Further, in the concentration measuring apparatus of the present invention, one biopolymer as a ligand is immobilized on the metal film of the measuring element, and the other biopolymer is caused to act on this biopolymer.
By measuring the change in the concentration of the biological macromolecule to be acted on, for example, detection of specific binding found between an antigen and an antibody, and detection of a specific substance in an unknown sample using such specific binding force Can be used.

[Brief description of the drawings]

FIG. 1 is a configuration diagram showing a concentration measuring device according to an embodiment of the present invention.

FIG. 2 is a perspective view of a sensor chip according to one embodiment of the present invention.

FIG. 3 is a diagram illustrating an example of a detection result detected by a concentration measuring device according to an embodiment of the present invention.

FIG. 4 is a diagram showing measured values and functions obtained according to an embodiment of the present invention.

FIG. 5 is a diagram showing a function obtained according to another embodiment of the present invention.

[Explanation of symbols]

 DESCRIPTION OF SYMBOLS 1 Sensor chip 1a Gold thin film 1b Glass plate 1c Holder 1d-1f Housing part 2 Light emitting diode 3 Convex lens 4 CCD camera 5 Numerical conversion part 6 Function calculation part 7 Concentration calculation part 8 Prism

 ──────────────────────────────────────────────────続 き Continuing on the front page (72) Inventor Yutaka Sasaki 1000, Kamoshita-cho, Aoba-ku, Yokohama-shi, Kanagawa Prefecture Inside the Yokohama Research Laboratory, Ryobi Chemical Co., Ltd. (72) Inventor Kazuhiko Watanabe 1000, Kamoshita-cho, Aoba-ku, Yokohama-shi, Kanagawa (72) Inventor: Yasuo Koike 1000, Kamoshida-cho, Aoba-ku, Yokohama-shi, Kanagawa Prefecture F-term (reference) 2G059 AA01 AA05 BB04 CC17 DD03 DD13 DD20 EE01 EE02 FF03 GG01 GG02 JJ11 JJ12 JJ21 KK04 MM01

Claims (4)

[Claims] 1. A metal film is provided on one surface, a light transmitting medium having a desired refractive index is provided, and a housing for housing a measurement sample in contact with the metal film surface is provided on the metal film side.
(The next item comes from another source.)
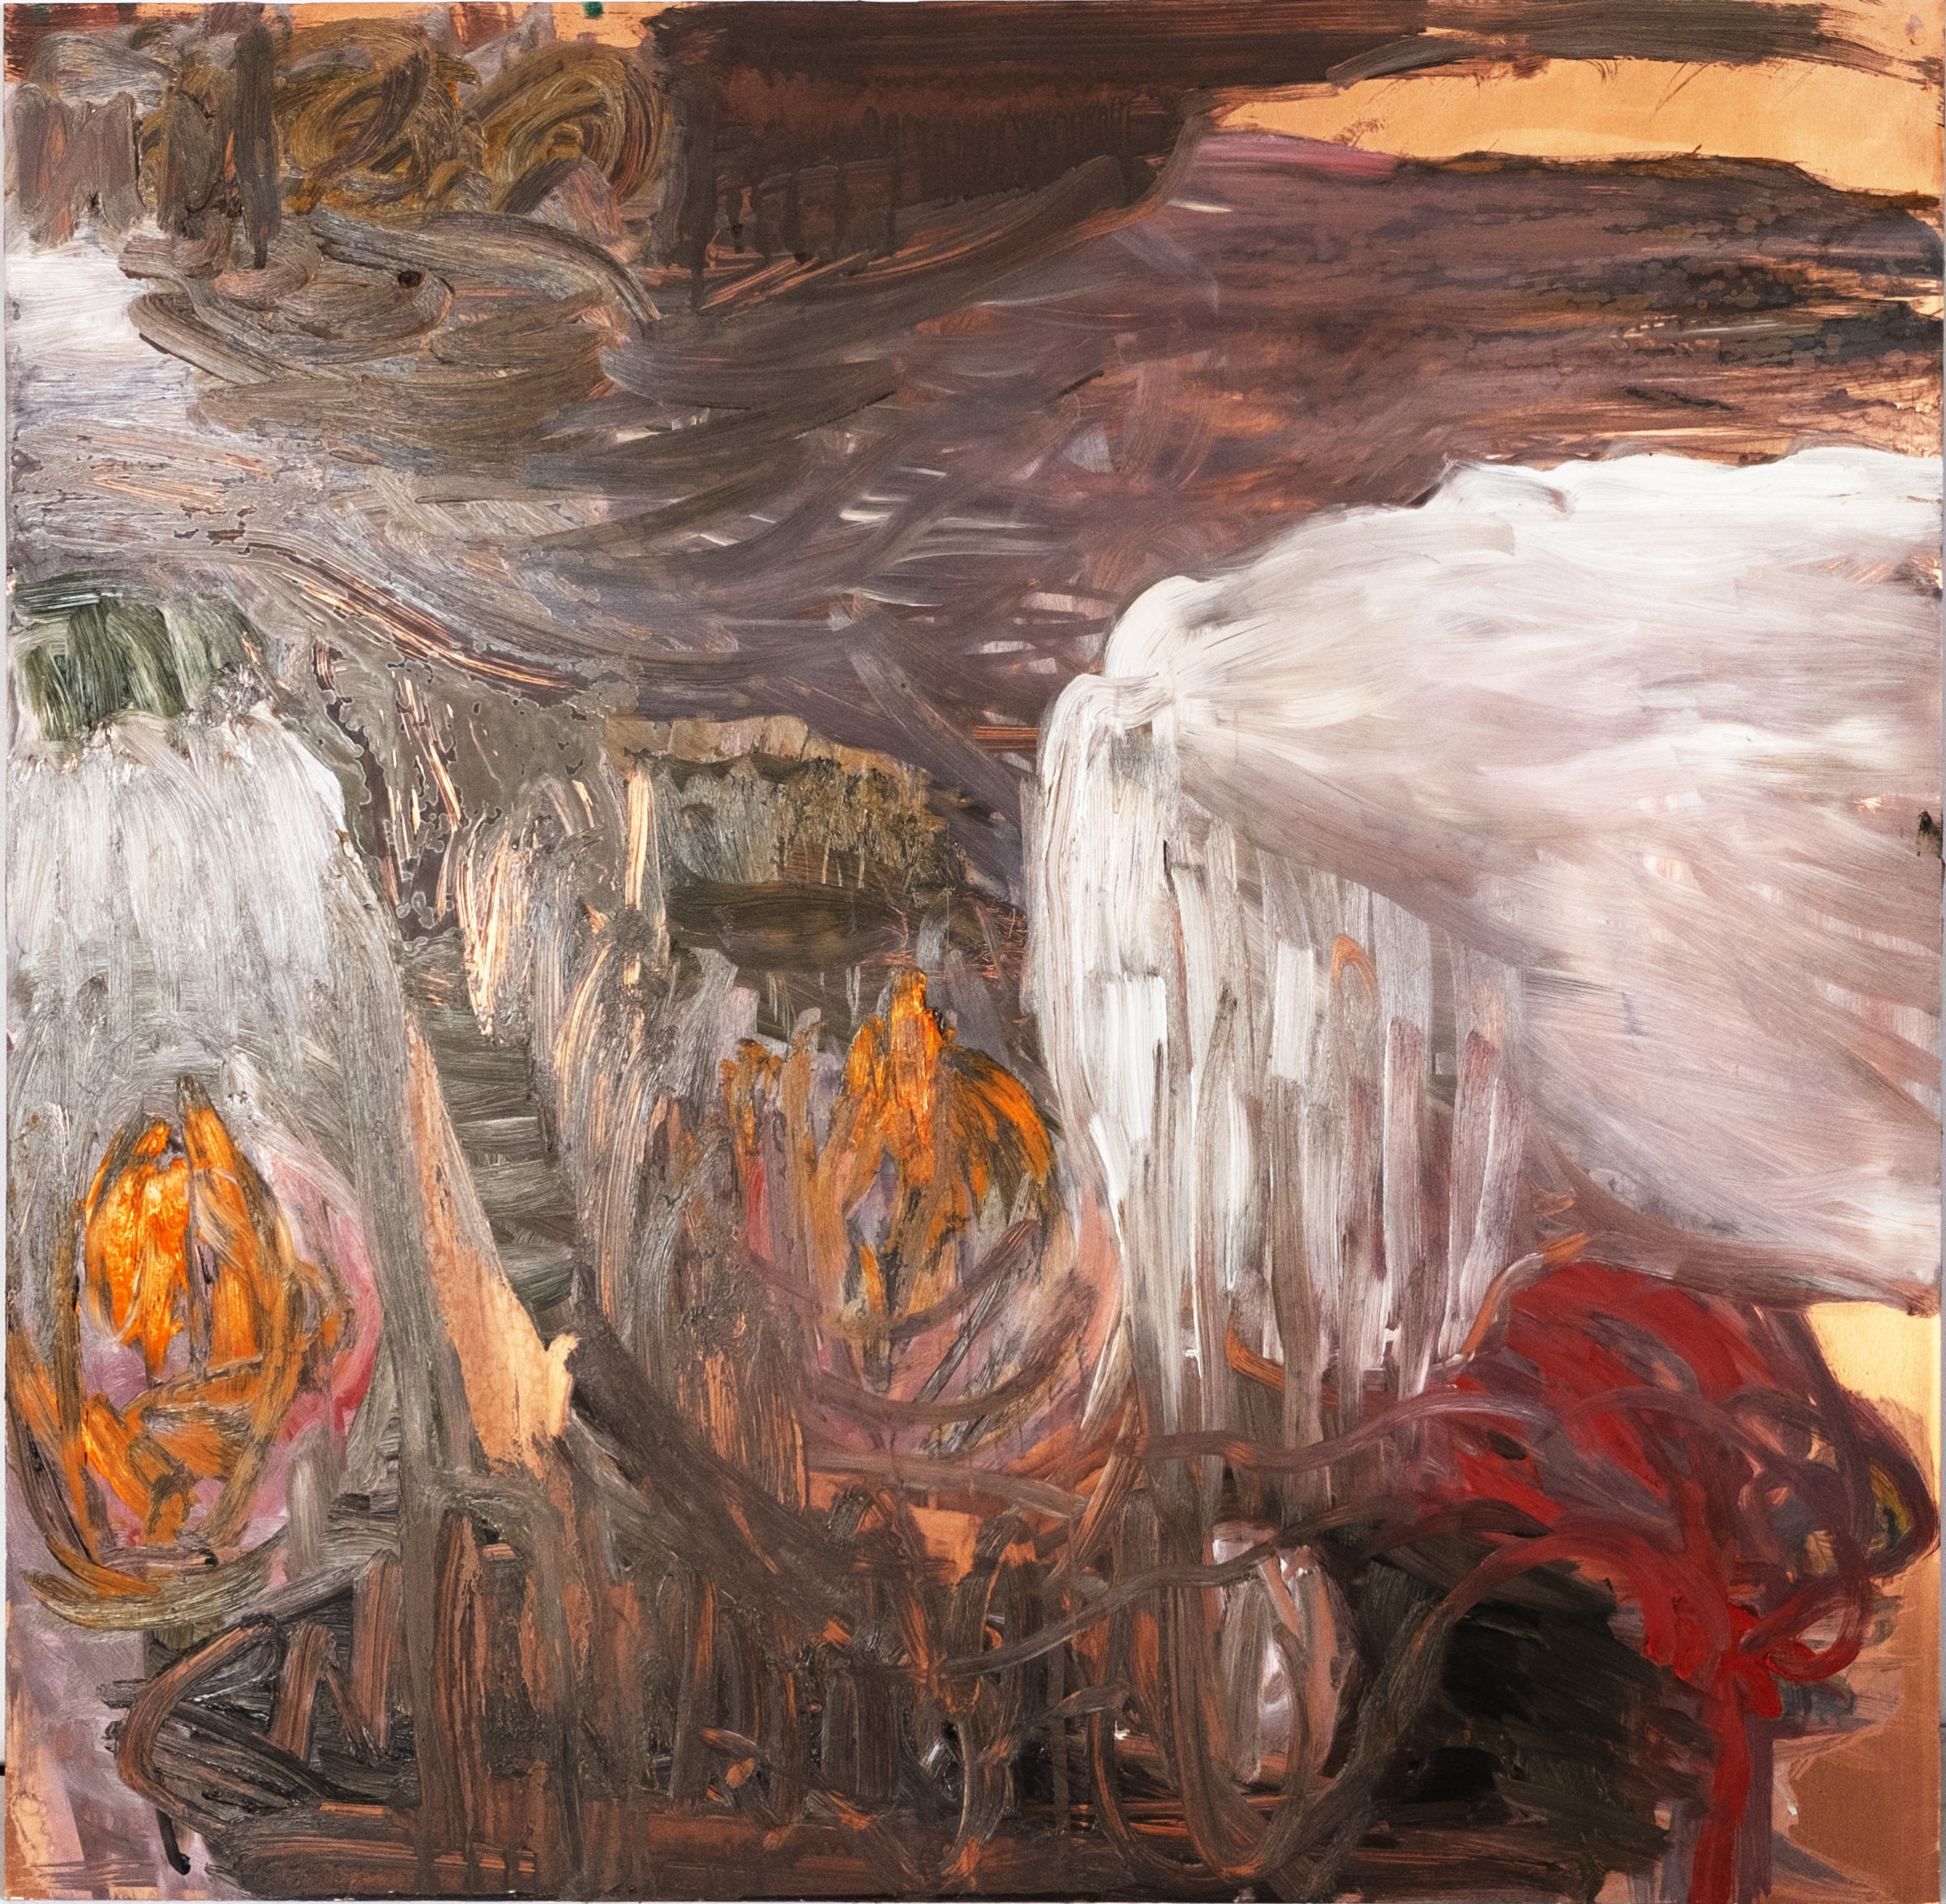 Flow, olja på koppar, 60x60 cm, 2020

A measuring element, a light source that irradiates light incident on a surface of the measuring element that is not in contact with the metal film, and a light transmitting medium and the metal film that irradiate light irradiated from the light source. Incident angle setting means for causing various angles of incidence to be obtained with respect to the interface with the detection means; detection means capable of detecting the intensity of light reflected at the interface at various reflection angles; and An arithmetic processing unit for calculating the concentration of the unknown concentration sample from the measured values of the unknown concentration and known concentration measurement samples respectively housed in different storage units, which are measured without detaching the measuring element. Concentration measuring device. 2. The concentration measuring device according to claim 1, wherein the measuring element has a moving unit that can move relatively to the light source, the incident angle setting unit, and the detecting unit. Concentration measuring device. 3. The concentration measuring device according to claim 1, wherein the concentration of the polymer is measured. 4. The concentration measuring device according to claim 3, wherein the polymer is a biopolymer.